London Borough of Croydon

What is an ordinary watercourse?

An 'ordinary watercourse' is a watercourse that is not part of a main river. This includes rivers, streams, ditches, drains, cuts, culverts, dikes, sluices, sewers (other than public sewers within the meaning of the Water Industry Act 1991) and passages, through which water flows.

Is it an ordinary watercourse? Please contact floodandwater@croydon.gov.uk if you are still unsure whether you are dealing with an ordinary watercourse.

Our responsibility

On the 6th April 2012 the council gained responsibility for consenting works that affect the flow of an ordinary watercourse under the terms of the Flood and Water Management Act 2010, Land Drainage Act 1991 and Water Resources Act 1991.

Regulation of ordinary watercourses consists of two elements:

  • The issuing of consents for any changes to ordinary watercourses that might obstruct or alter the flow of an ordinary watercourse.
  • Enforcement action to rectify unlawful and potentially damaging work to a watercourse.

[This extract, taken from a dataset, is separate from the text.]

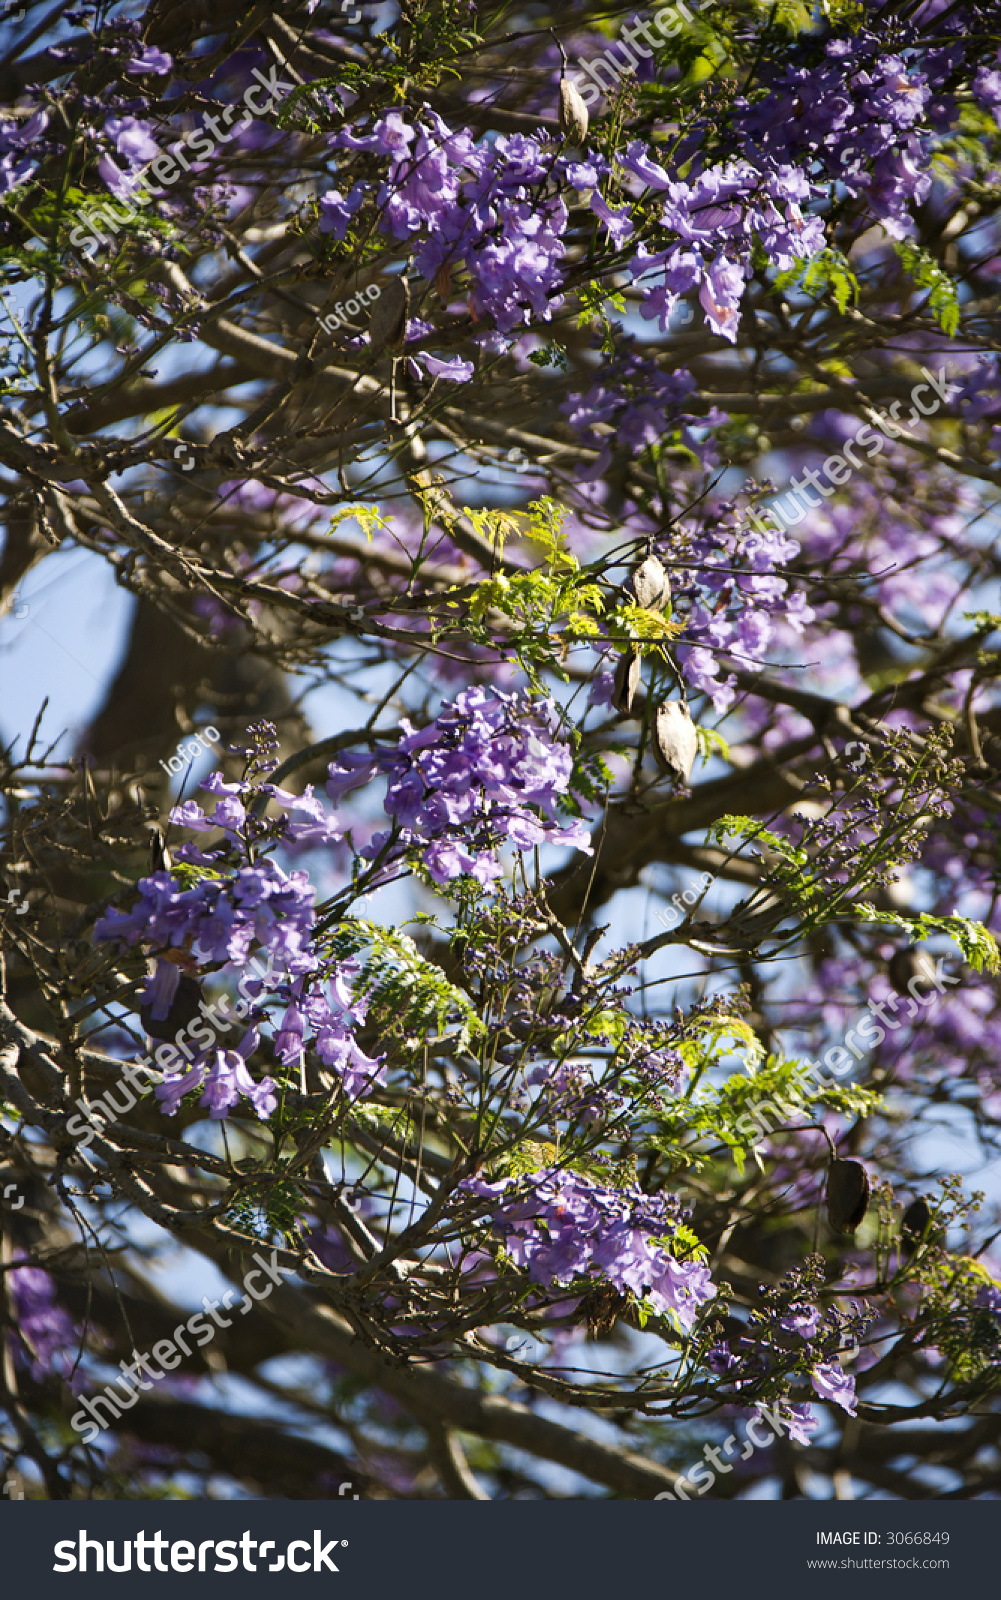 Closeup Jacaranda Tree Blooming Purple Flowers Stock Photo Edit Now

Working on or near a watercourse

If you intend to carry out work which may affect the flow or storage of water, you need to apply to us for consent, even if you already have planning permission. Approval is also required for any temporary works affecting the watercourse and a method of undertaking will need to be submitted prior to these works commencing.

If you think you may be doing work around a watercourse, please contact us first to check whether consent is required on floodandwater@croydon.gov.uk

If your work affects a main river, you will need to apply to the Environment Agency for consent.

How much does consent cost?

The application fee is £50 per structure, which should be paid by cheque and posted with the application form which can be downloaded below.

Once your application is received with the appropriate fee, we have two months to determine your application. You will receive written confirmation within this period whether consent has been granted or not.

A copy of the cross-sections of consentable activities guidelines can be downloaded below, however each case will be assessed individually.

Failure to obtain consent

Failure to obtain consent prior to carrying out the works may be a criminal offence.

Any person acting in contravention of Section 23 of the Land Drainage Act 1991, may be liable, on conviction, to a fine of up to £5,000, and to a further fine of up to £40 for every day on which the contravention is continued after conviction.

Under Section 24 or of the Land Drainage Act 1991 we have the power (without prejudice to any other criminal proceedings) to take such action as may be necessary to remedy the effect of the contravention or failure to obtain consent, and to recover the expenses reasonably incurred by it in so doing from the person in default.